- [WORK ITEM]: Word for word, copy the data that follows and skip its pictures.
===== INFORMATION SHOWN =====
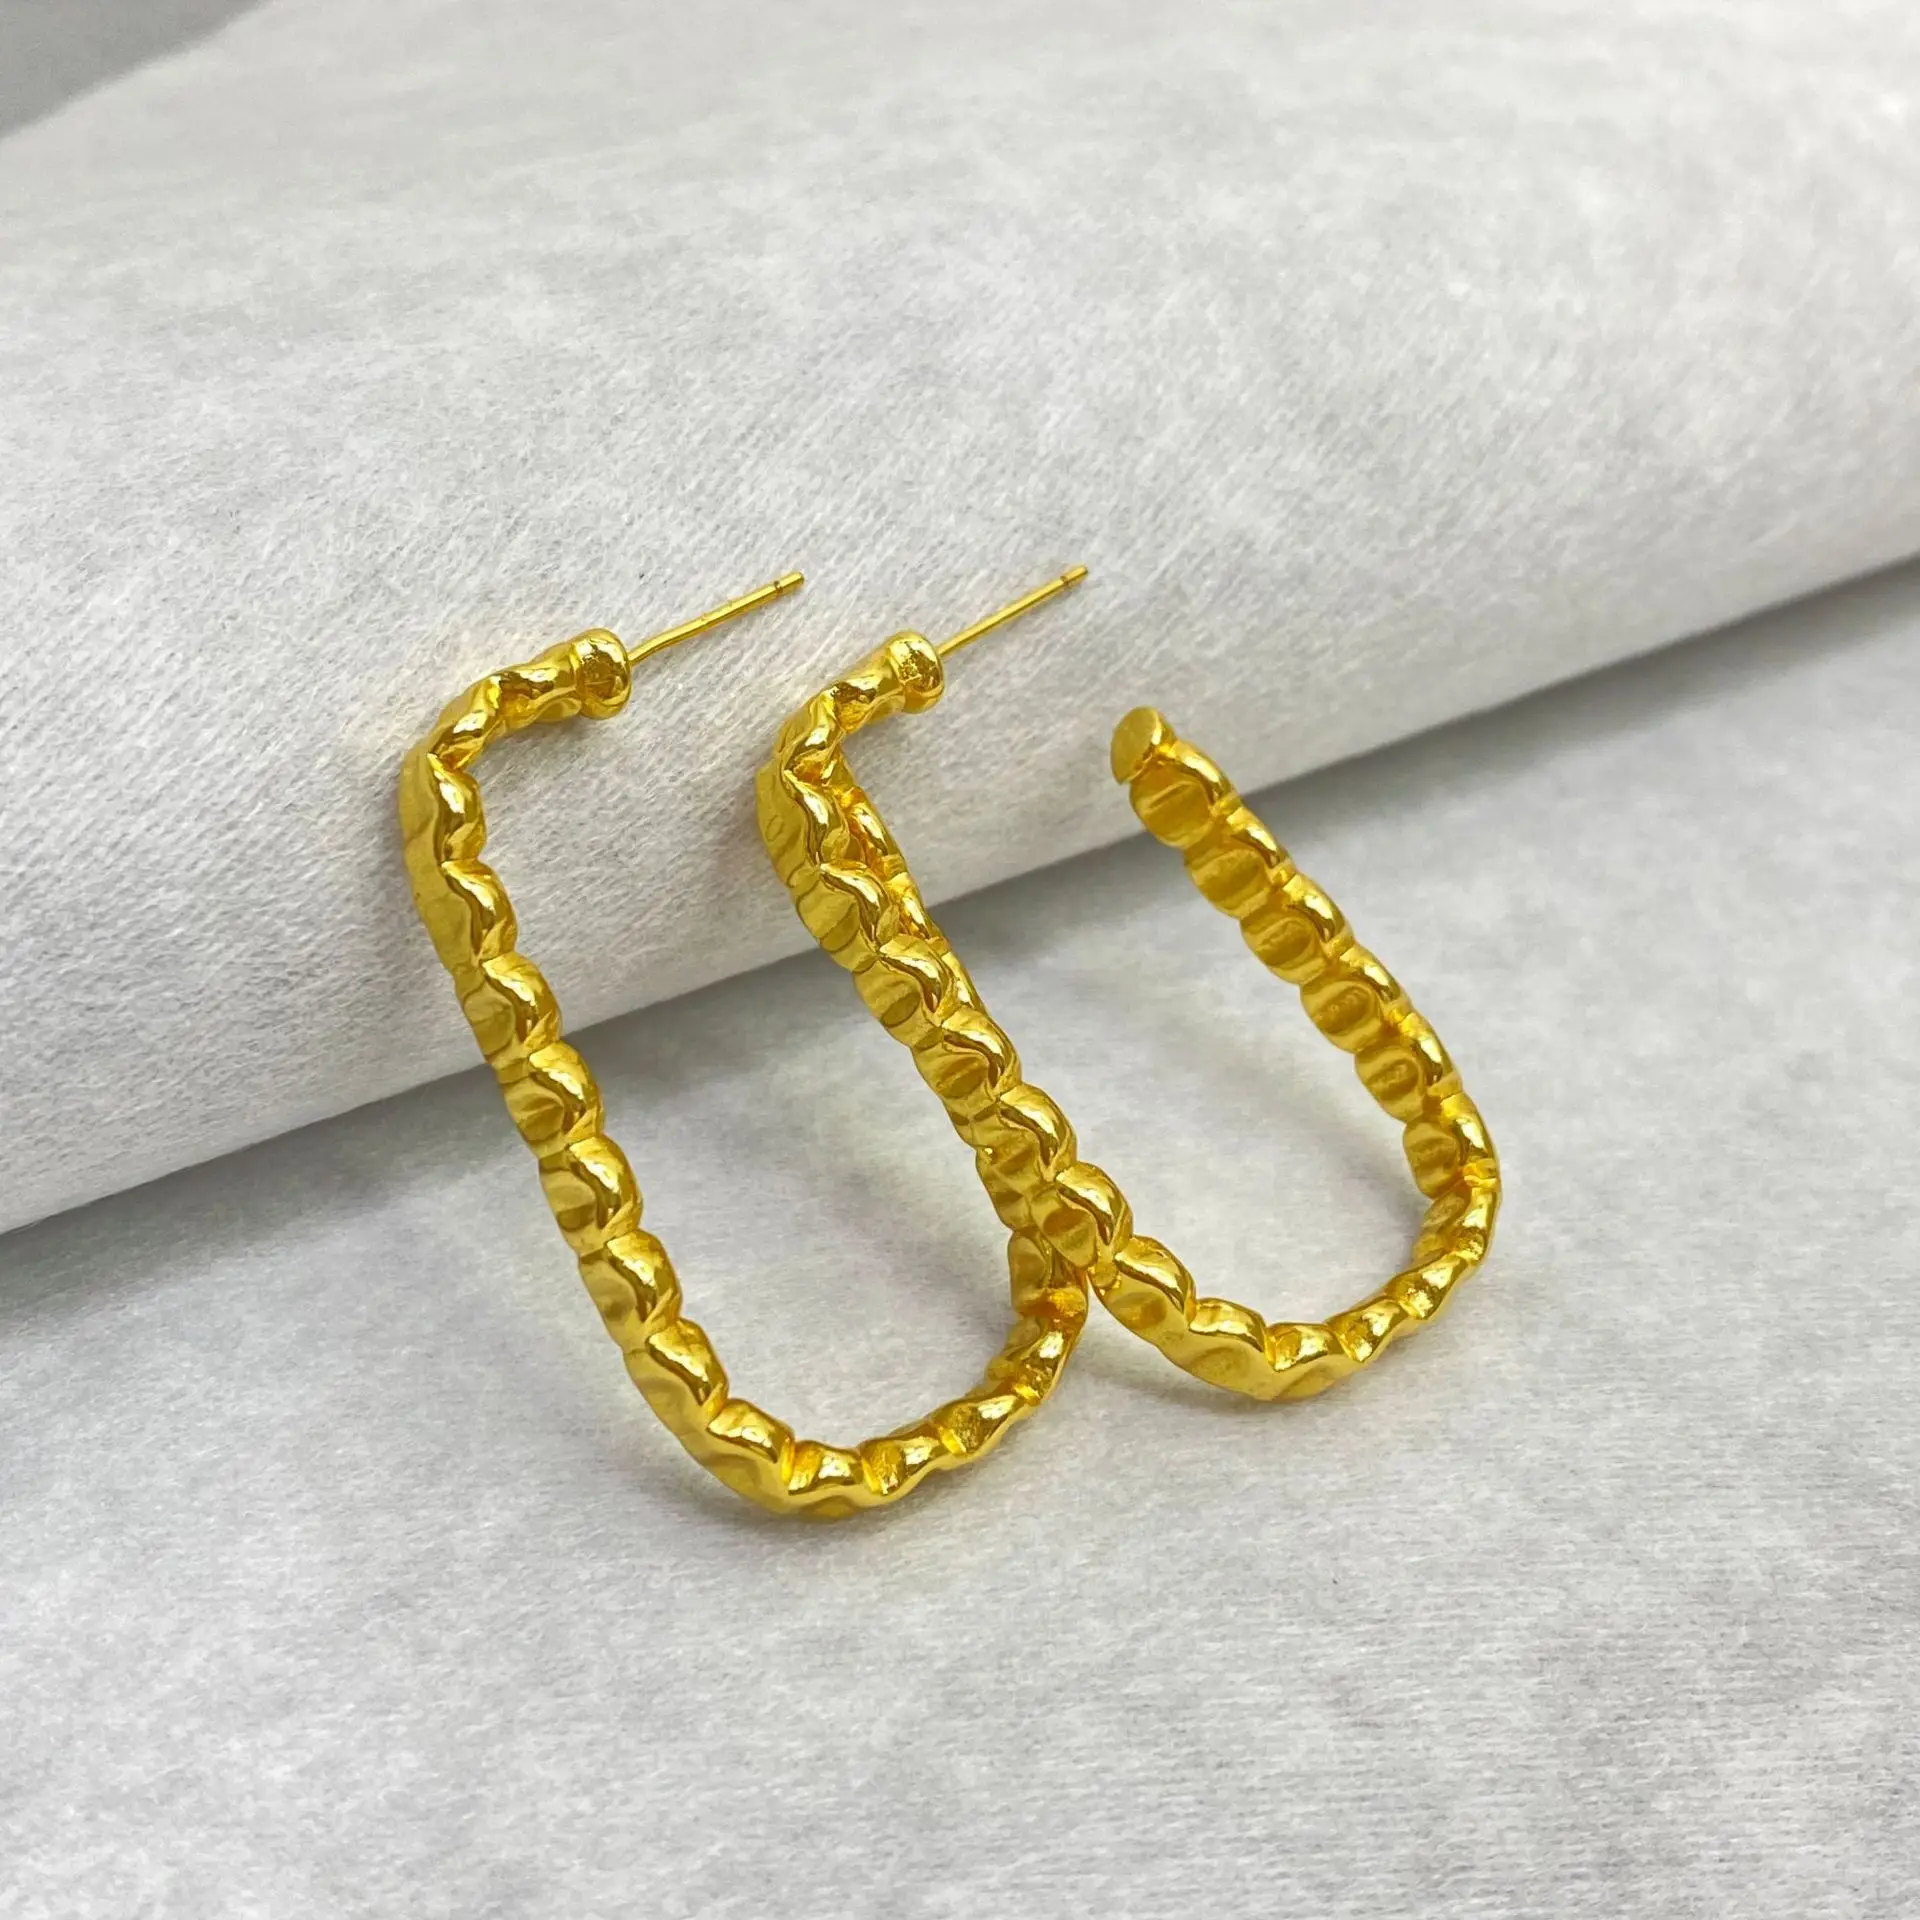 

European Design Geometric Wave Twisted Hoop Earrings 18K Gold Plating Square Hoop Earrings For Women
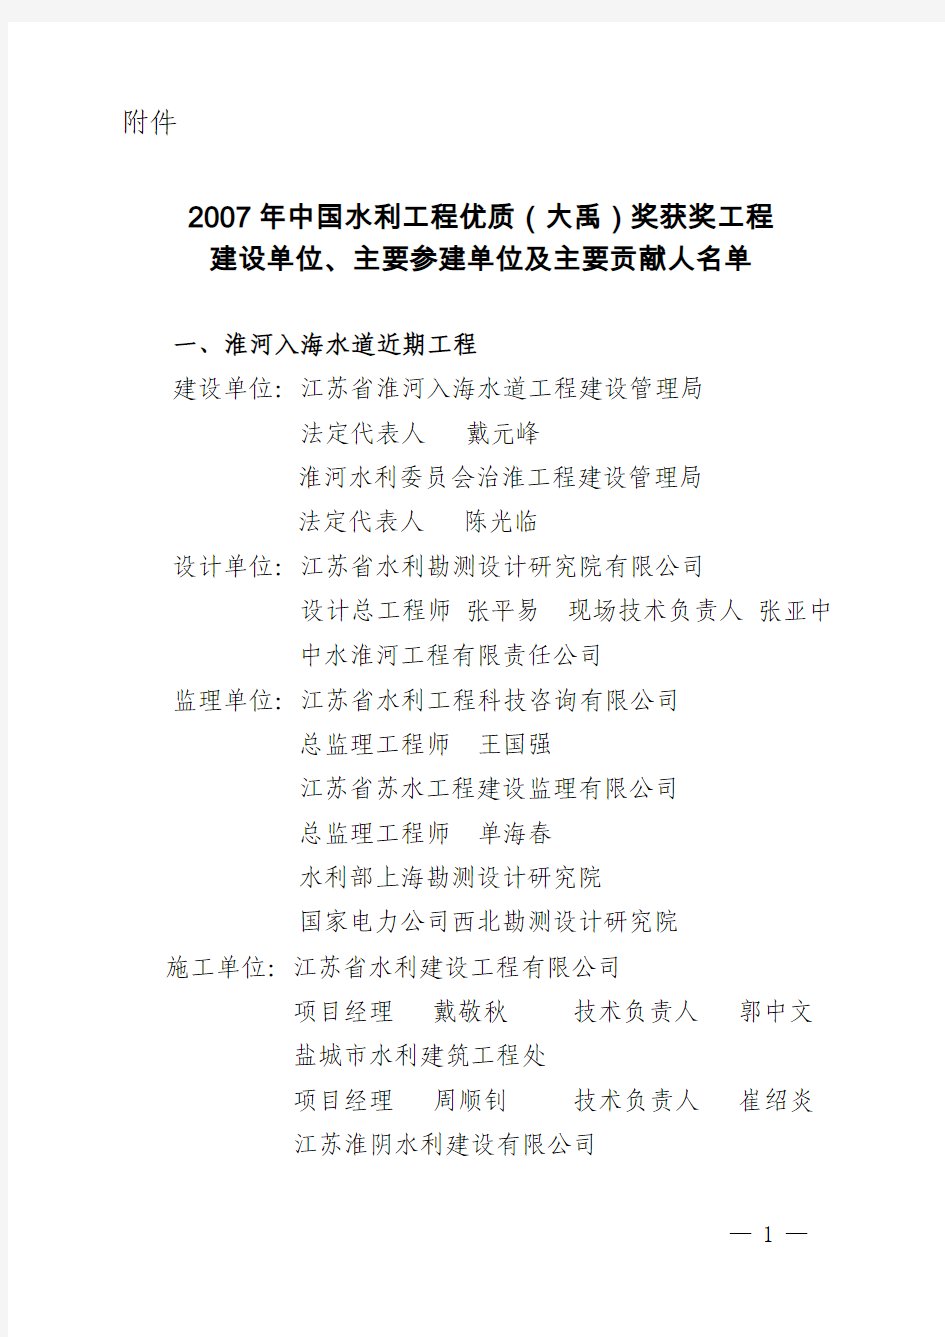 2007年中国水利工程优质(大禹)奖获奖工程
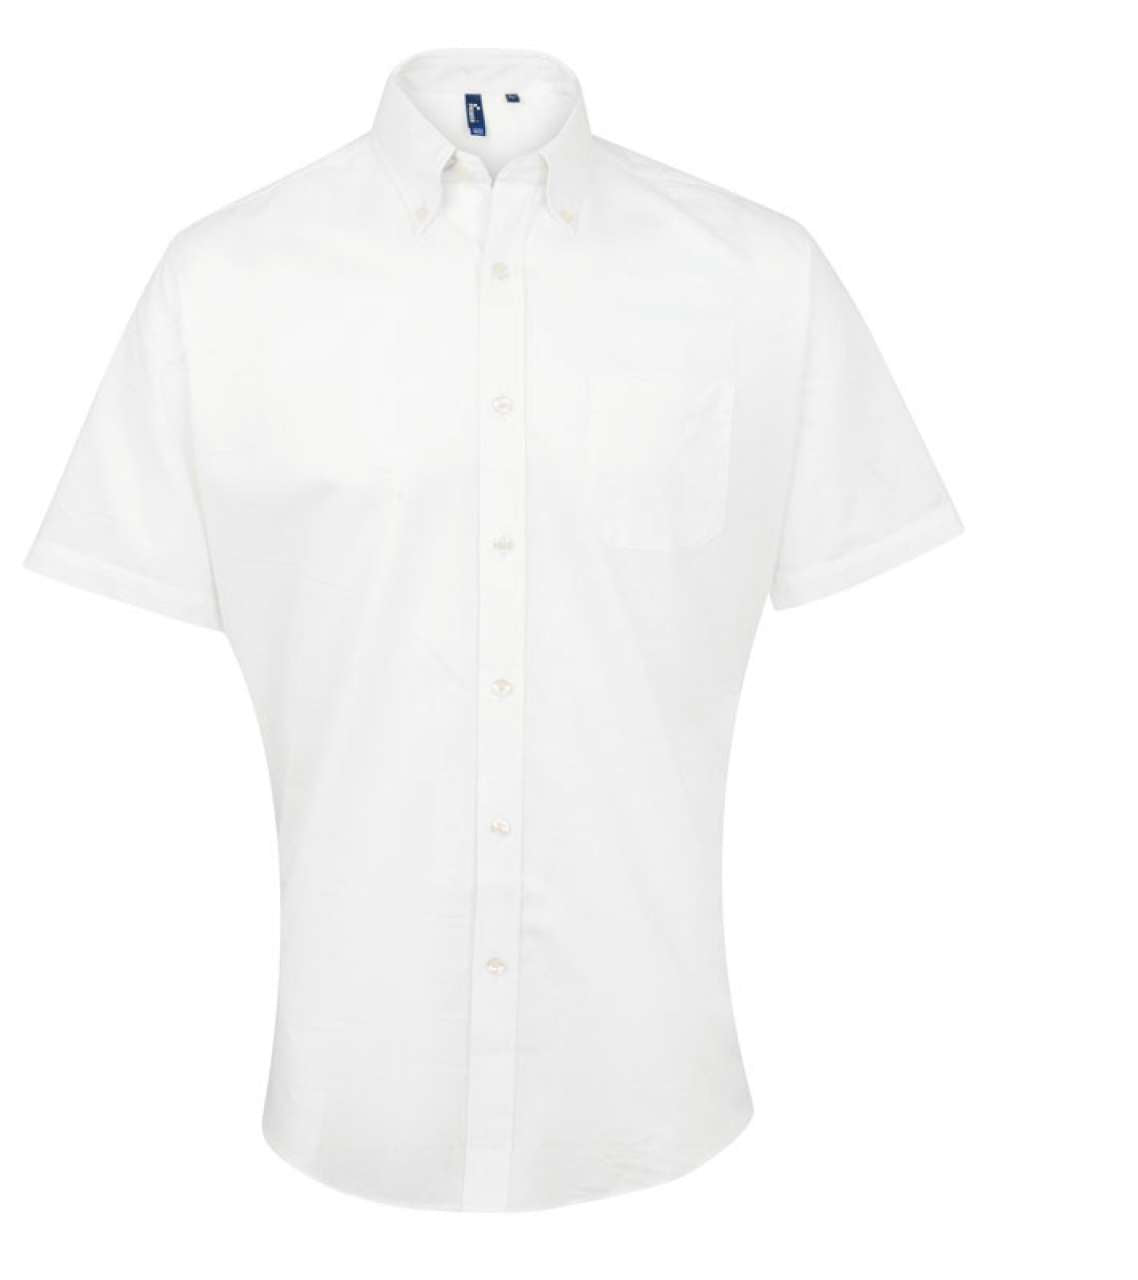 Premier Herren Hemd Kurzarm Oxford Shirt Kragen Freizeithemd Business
=====
- [WRITTEN RESPONSE]:
European Design Geometric Wave Twisted Hoop Earrings 18K Gold Plating Square Hoop Earrings For Women
 2007年中国水利工程优质(大禹)奖获奖工程
 Premier Herren Hemd Kurzarm Oxford Shirt Kragen Freizeithemd Business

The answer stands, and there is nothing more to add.